Segment Start: DATA FOR ANALYSIS

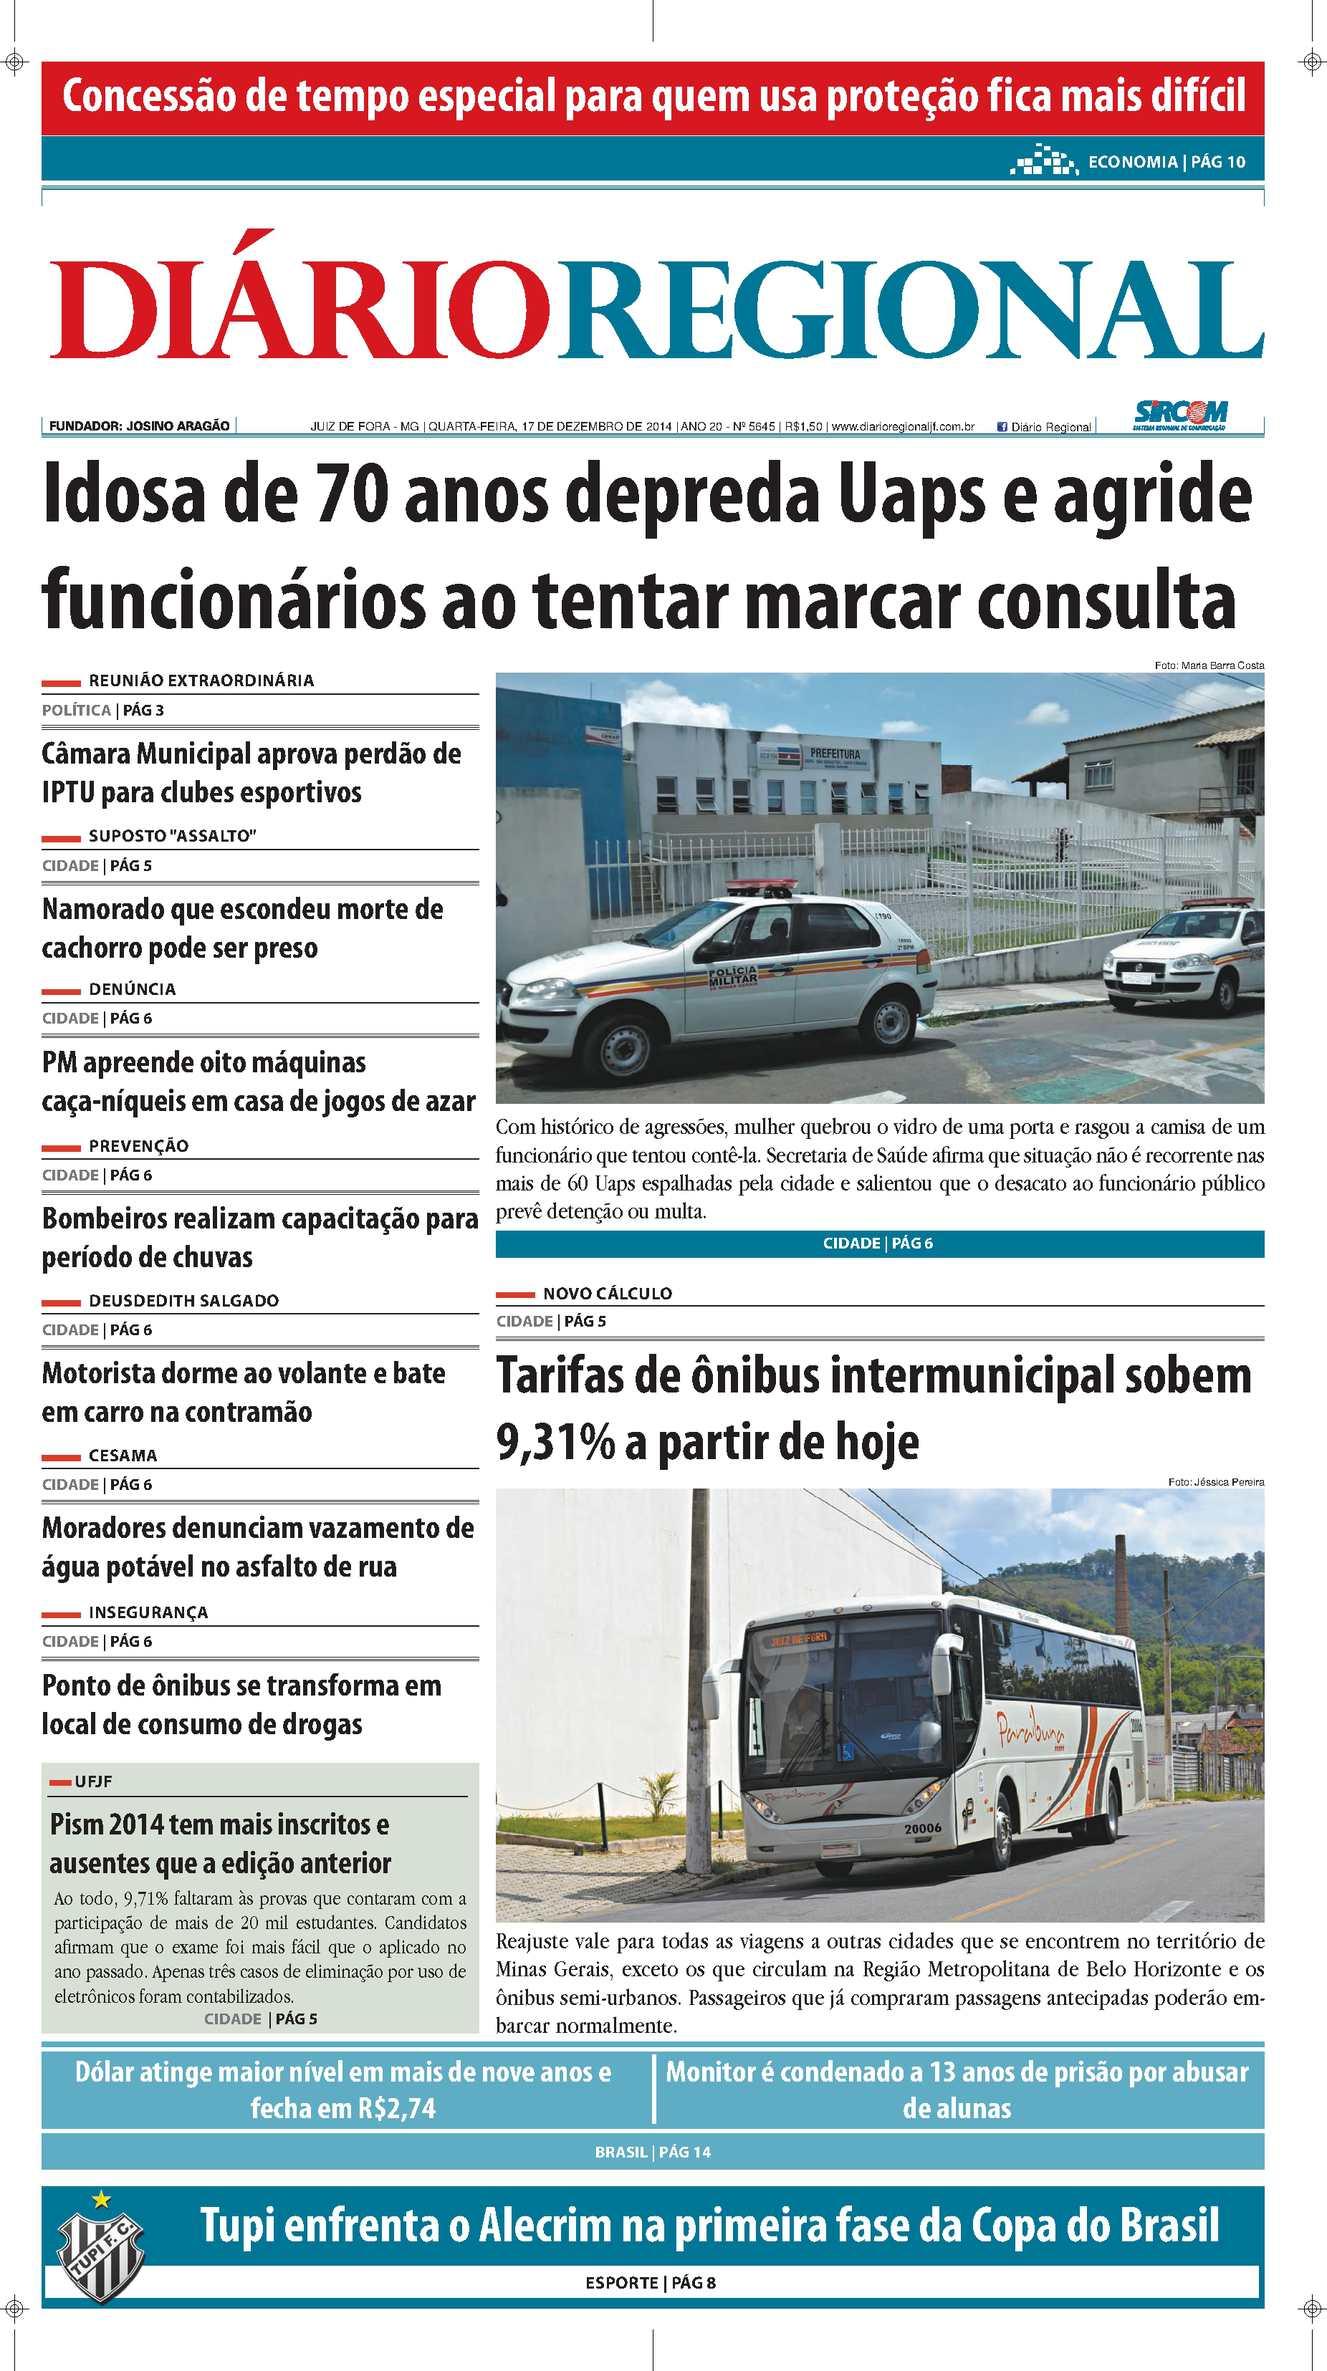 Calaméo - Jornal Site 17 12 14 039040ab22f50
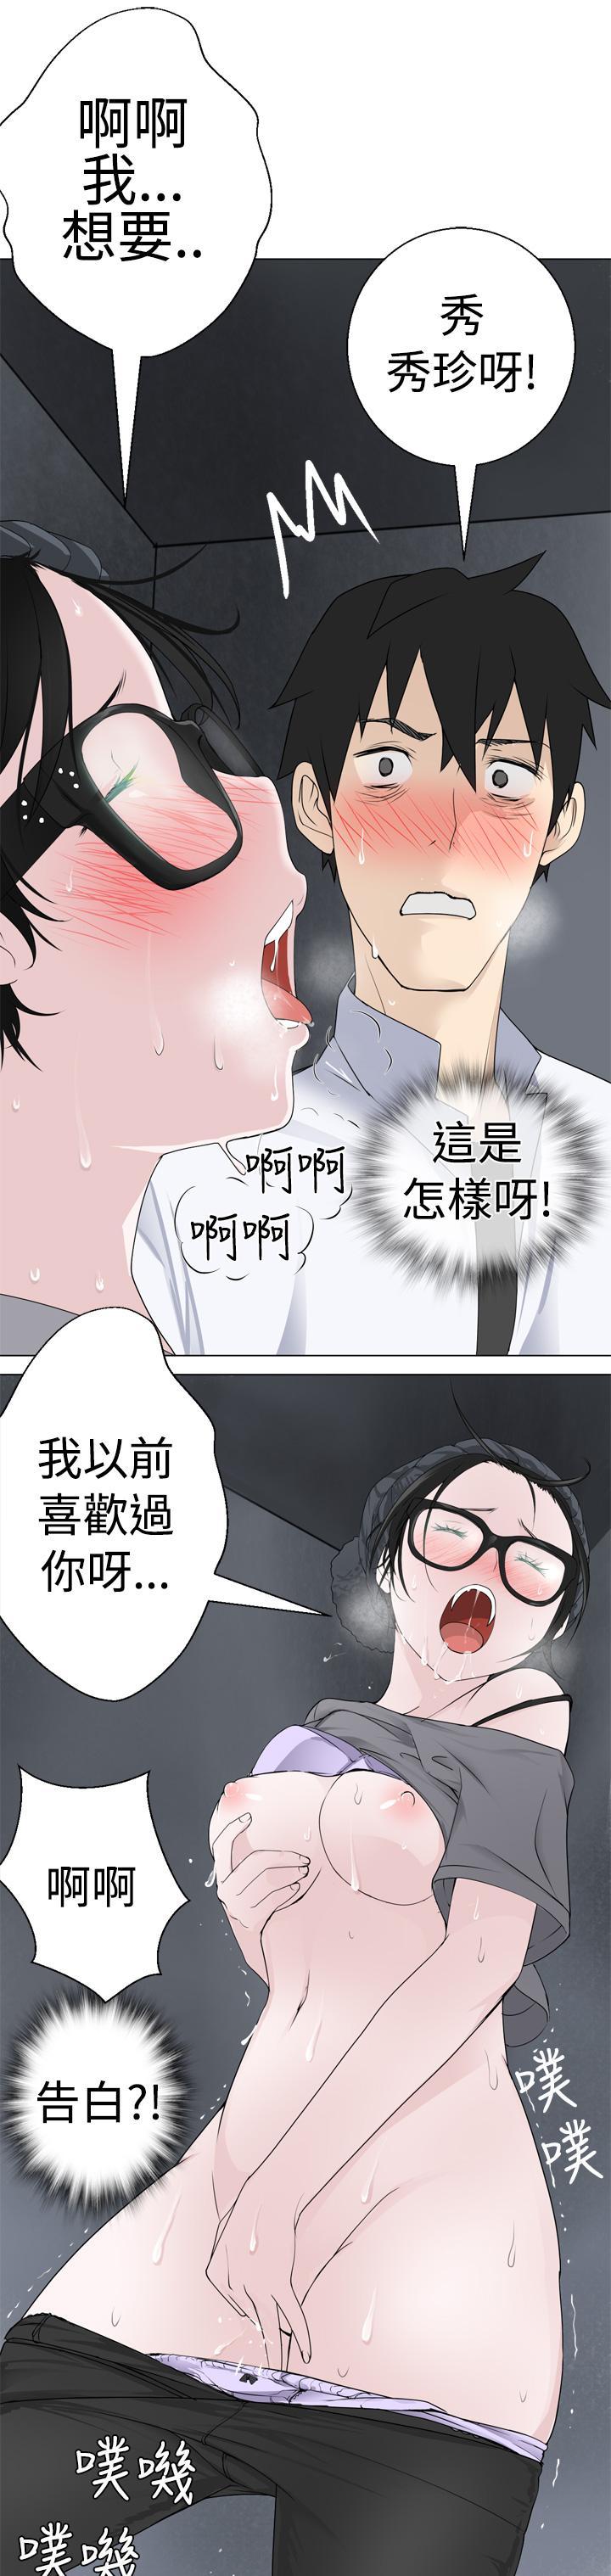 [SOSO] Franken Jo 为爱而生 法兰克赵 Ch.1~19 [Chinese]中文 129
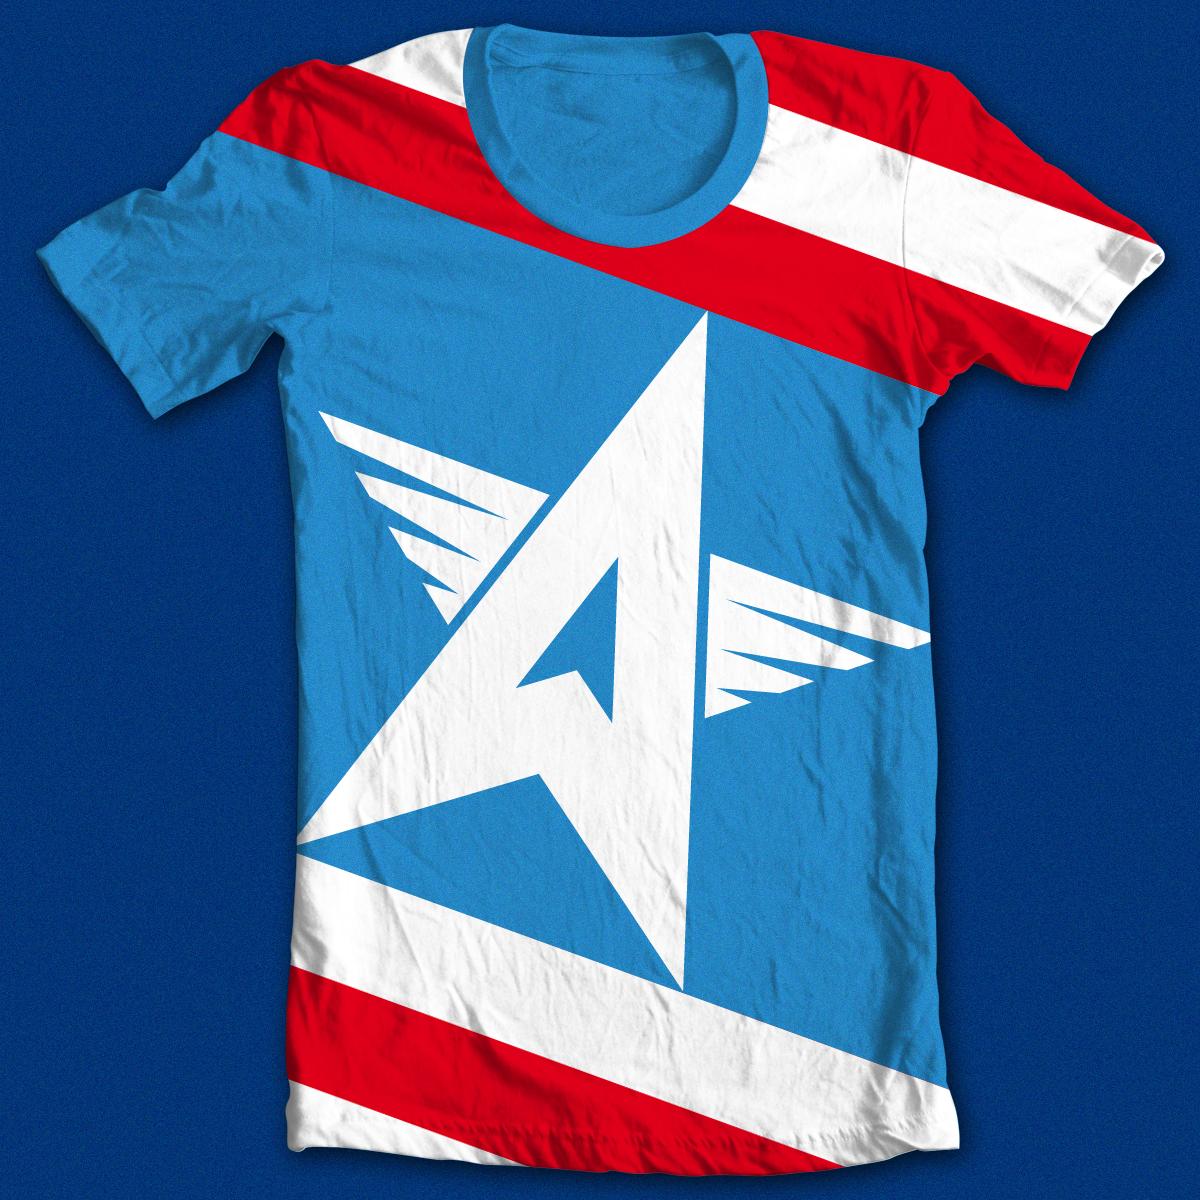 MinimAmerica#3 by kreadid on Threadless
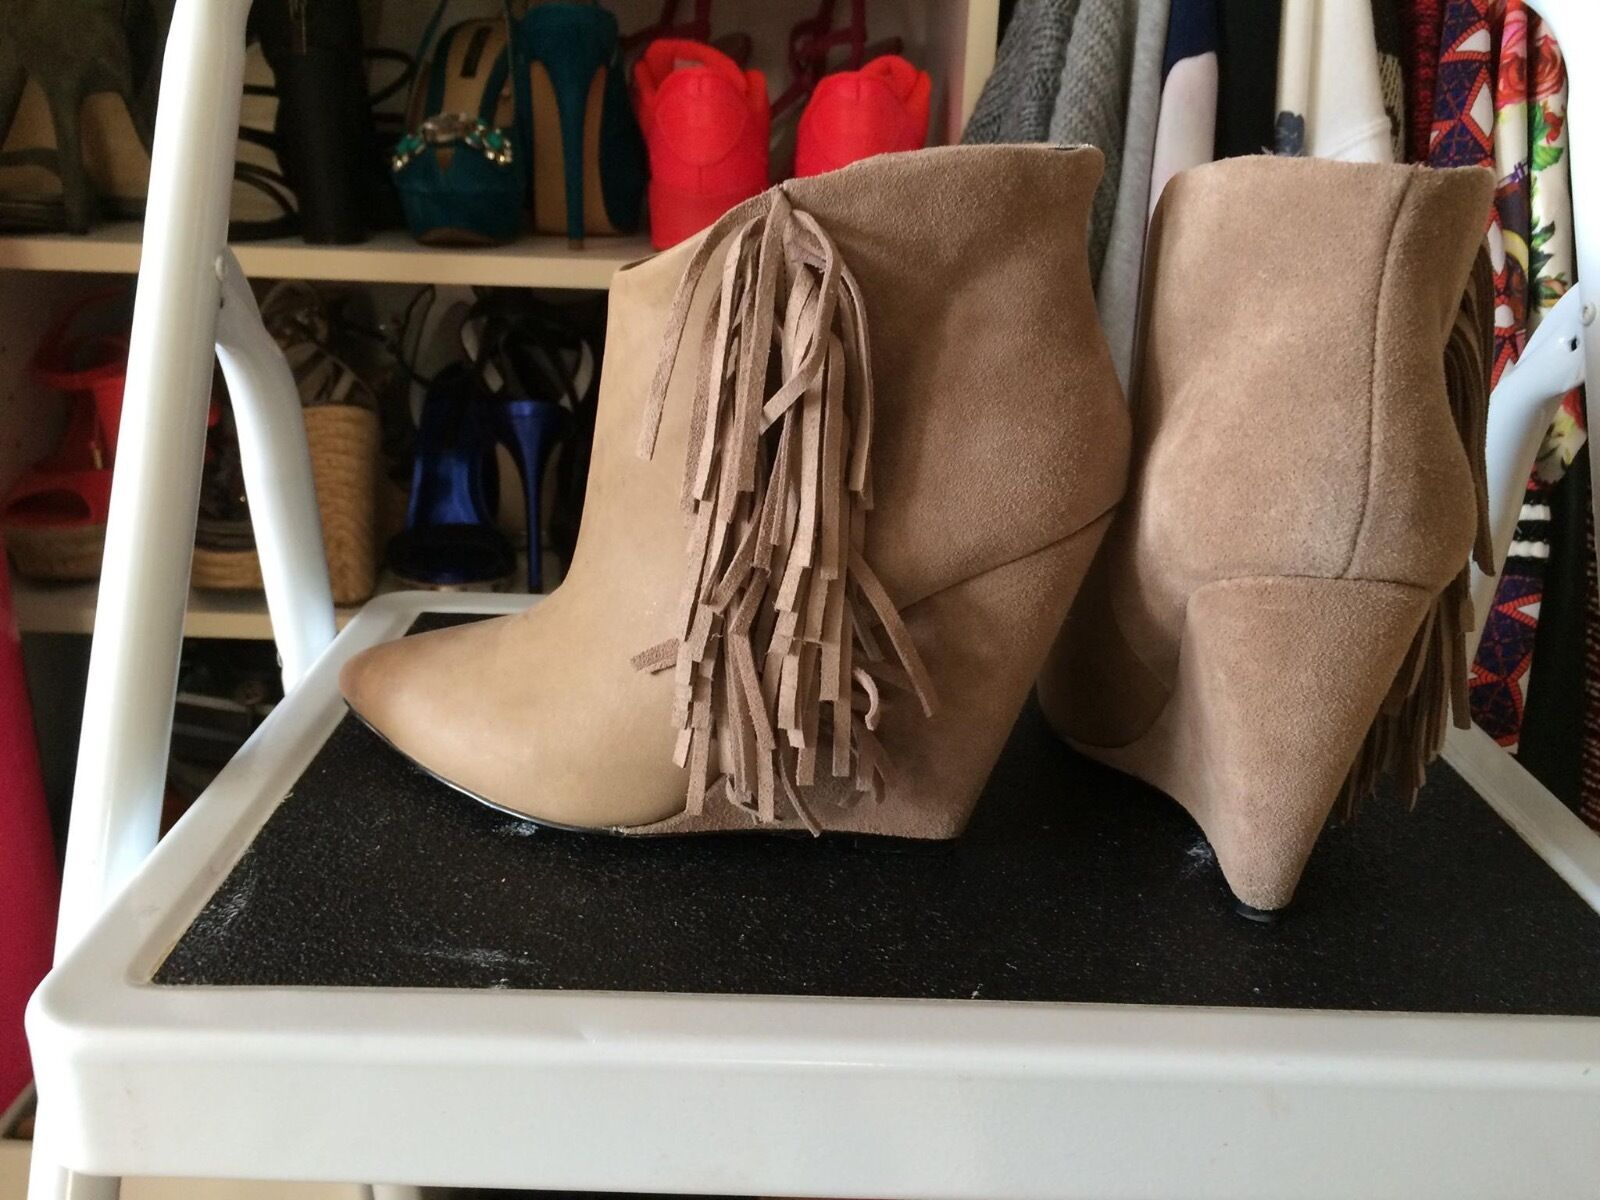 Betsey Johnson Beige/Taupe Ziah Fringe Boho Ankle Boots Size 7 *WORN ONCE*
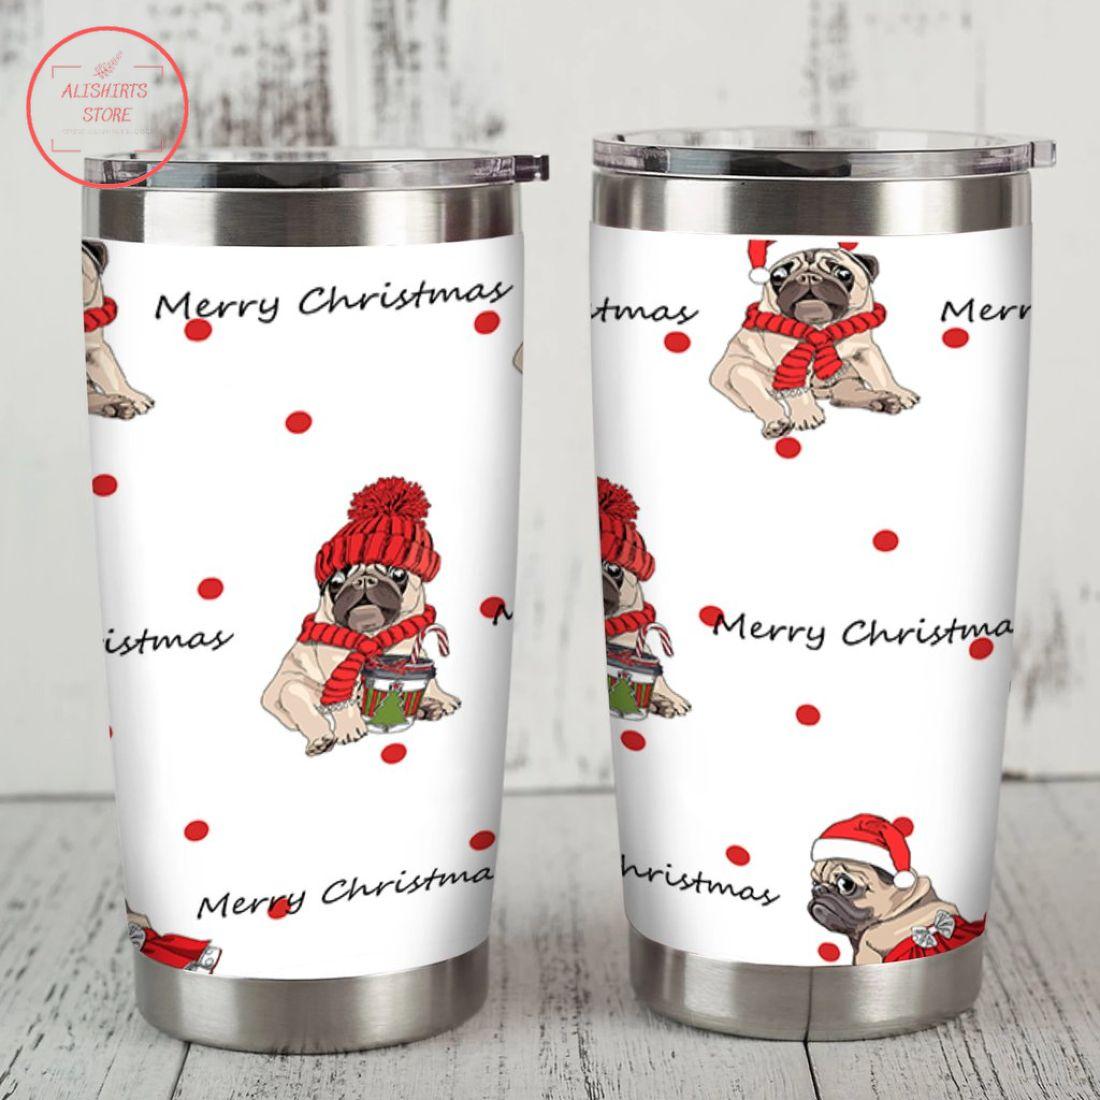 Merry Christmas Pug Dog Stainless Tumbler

Segment End: DATA FOR ANALYSIS

REQUIREMENT: Print exactly the lines from the one containing "Betsey Johnson Beige/Taupe" through the last line of the records, both included, and leave out the pictures.

SOLUTION FOR THIS PROBLEM:
 Betsey Johnson Beige/Taupe Ziah Fringe Boho Ankle Boots Size 7 *WORN ONCE*
 Merry Christmas Pug Dog Stainless Tumbler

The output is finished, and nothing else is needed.